Massachusetts Institute of Technology
January 24, 2023 - IBB Distinguished Lecturer
 

Since 2001, Georgia Tech's Institute for Bioengineering and Bioscience (IBB) has had the distinct honor and pleasure of hosting world-renowned speakers for the IBB Annual Distinguished Lecture. This series brings nationally and internationally recognized leaders in bioengineering and bioscience to provide their perspective on the future of biotechnology. 

2023 IBB Distinguished Lecture

Elaine Fuchs, Ph.D. - The Rockefeller University

"Stem Cells: Coping with Stress"

November 28, 2023
11:00 a.m.
Petit Biotech Building, Atrium

Elaine Fuchs, Ph.D.
Investigator, Howard Hughes Medical Institute
Rebecca C. Lancefield Professor
Robin Chemers Neustein Laboratory of Mammalian Cell Biology and Development
The Rockefeller University

About the Speaker
Elaine Fuchs is the Rebecca C. Lancefield Professor of Mammalian Cell Biology and Development at The Rockefeller University and an Investigator at the Howard Hughes Medical Institute. Her lab studies the role of skin stem cells in homeostasis and wound repair and how these processes go awry in cancer and inflammatory diseases.  

Fuchs received her B.S. in chemistry from the University of Illinois, Champaign-Urbana and her Ph.D. in biochemistry from Princeton.

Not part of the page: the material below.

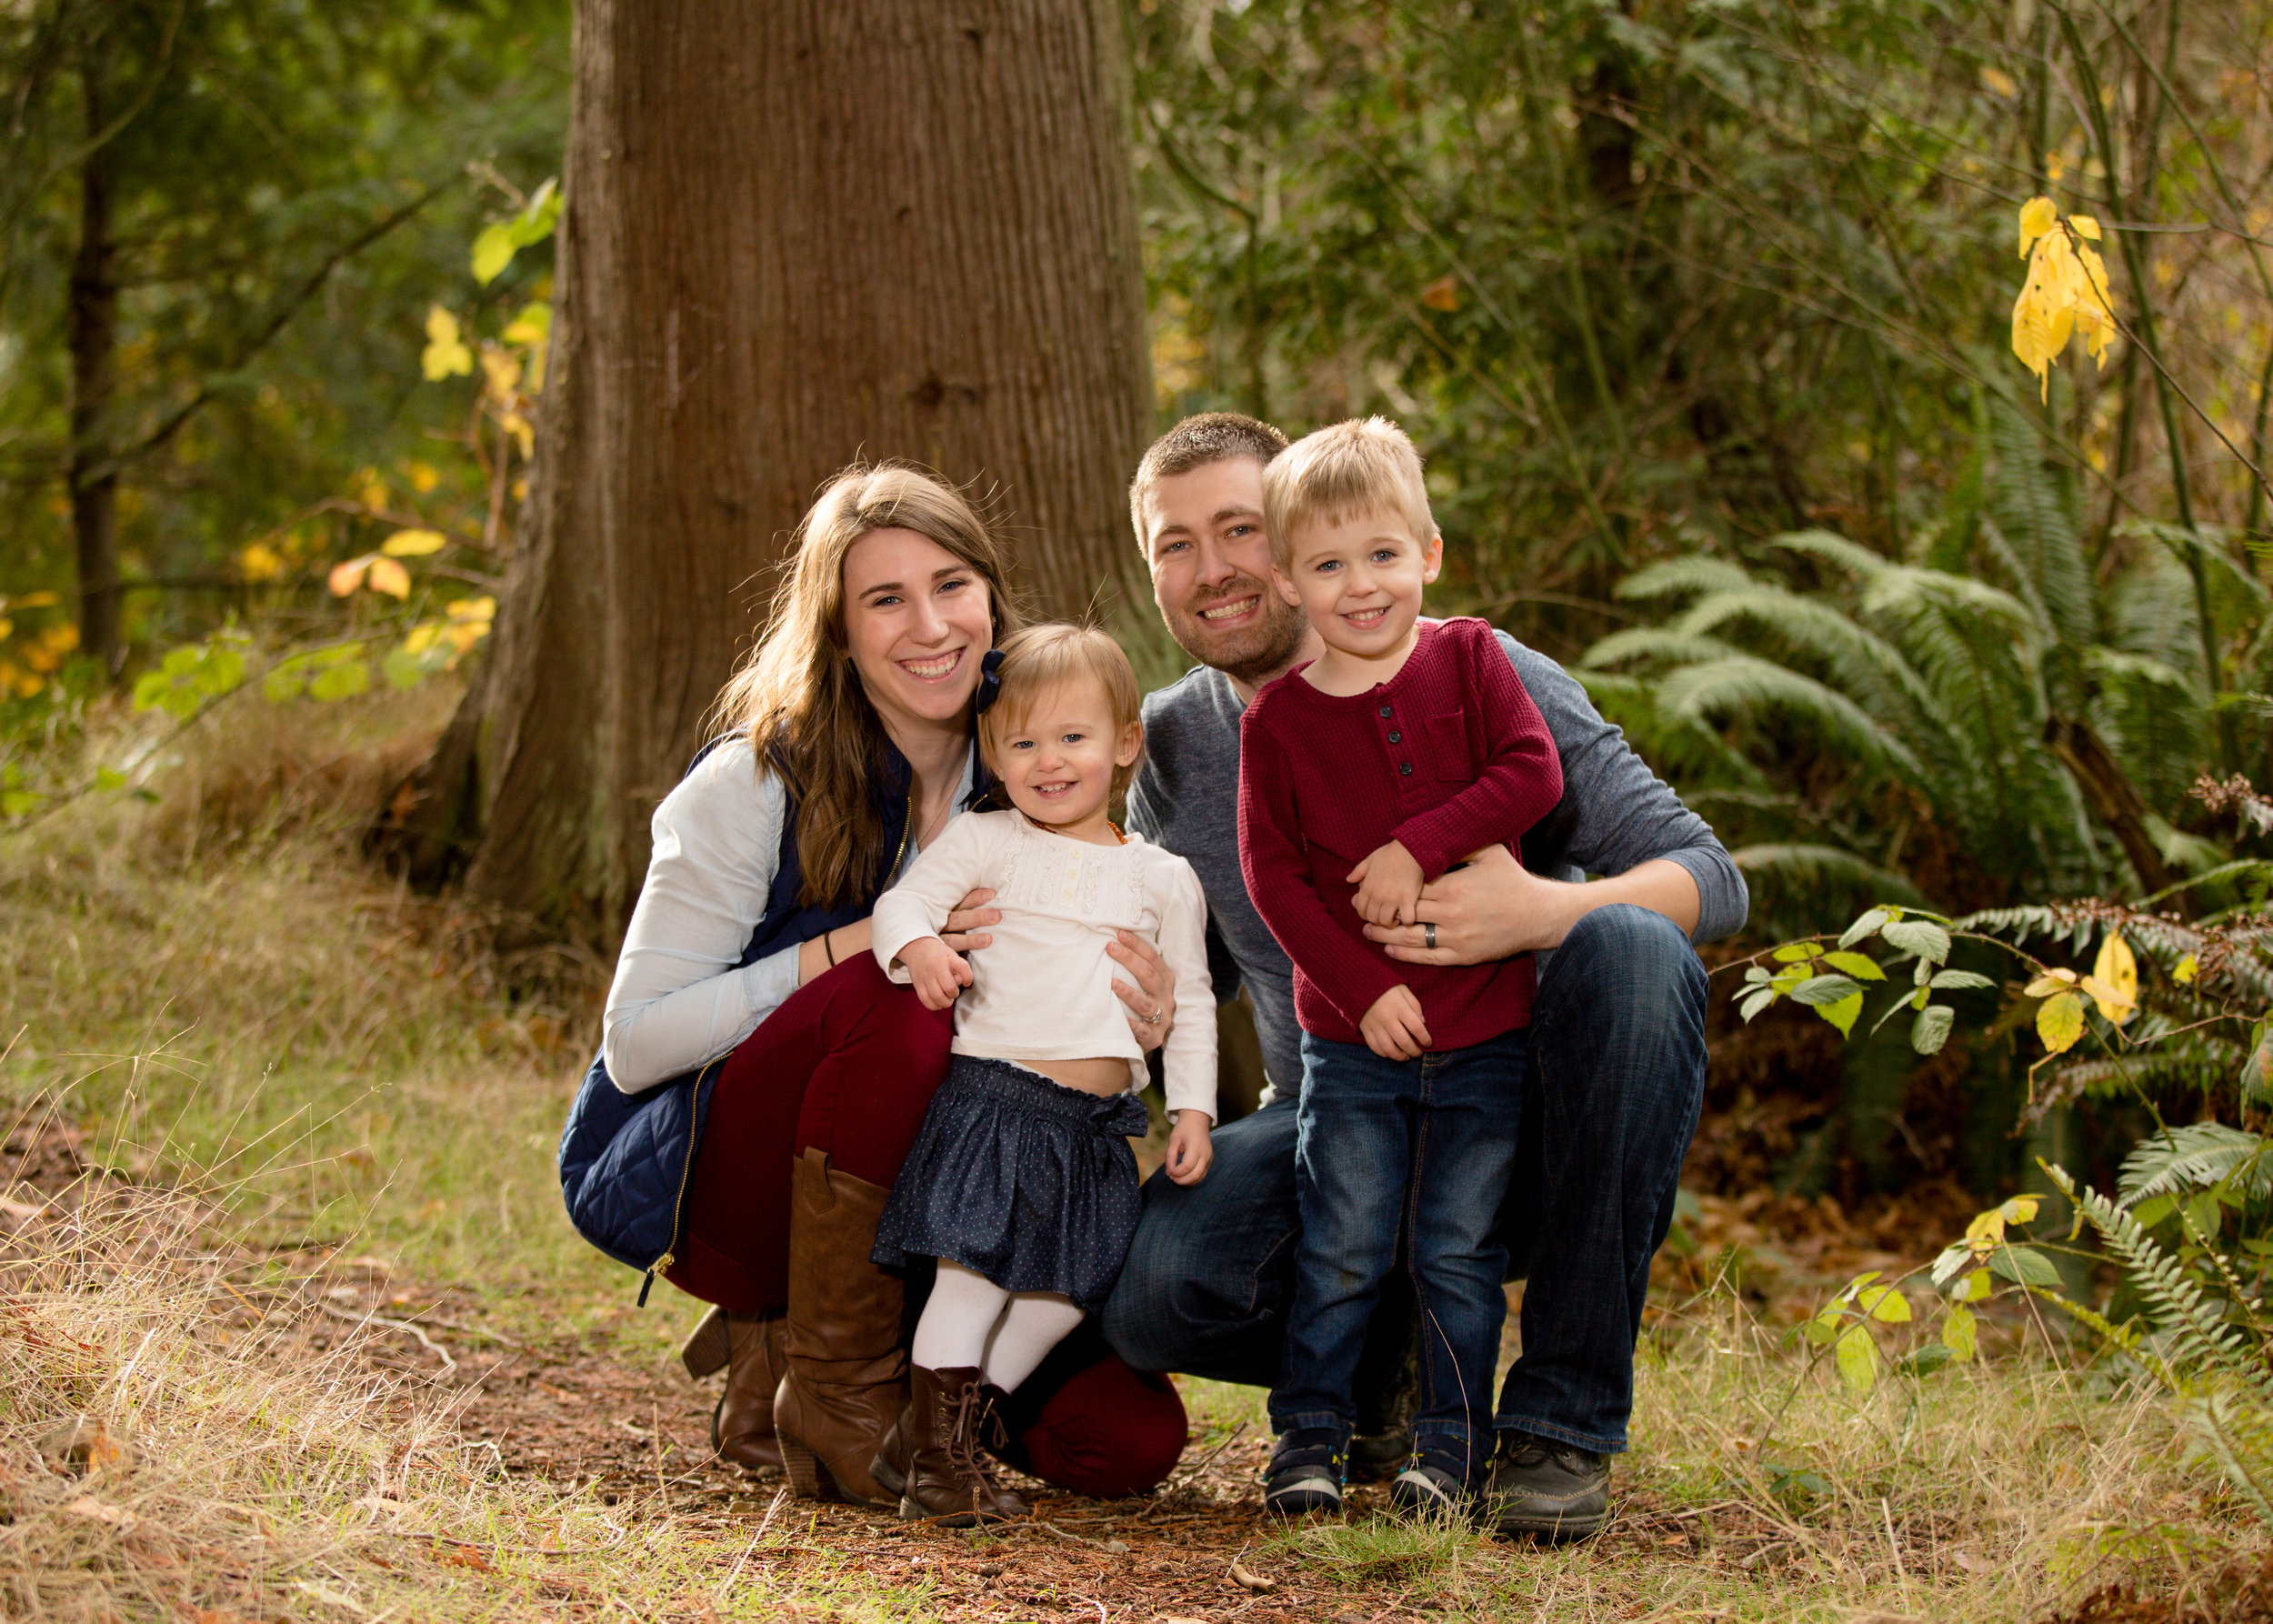 Snohomish County Family Photographer | Lake Stevens WA

She studied skin biology as a post-doctoral fellow with Howard Green at the Massachusetts Institute of Technology. Fuchs was a faculty member at the University of Chicago for twenty years before joining Rockefeller University in 2002.

Fuchs’ contributions to skin and stem cell biology have been recognized through honors including the National Medal of Science in 2008, the March of Dimes Prize in 2012, and the E.B. Wilson Prize from the American Society of Cell Biology in 2015. She is a member of the National Academy of Sciences and the National Academy of Medicine.

Research
The Fuchs lab employs high throughput genomics, single cell sequencing, live imaging, cell biology, and functional approaches to unravel the pathways that balance stem cell self-renewal with tissue regeneration. Her team investigates how stem cells establish unique chromatin landscapes and programs of gene expression, and how this shifts in response to changes in their local environment. They also study the signaling pathways that must be turned on and off at the right time and place for adult skin stem cells to become activated to regenerate tissue. They seek to discover the activating signals from the neighboring cells that instruct the stem cells to make hair or repair wounds, and the inhibitory signals that tell them to stop making tissue.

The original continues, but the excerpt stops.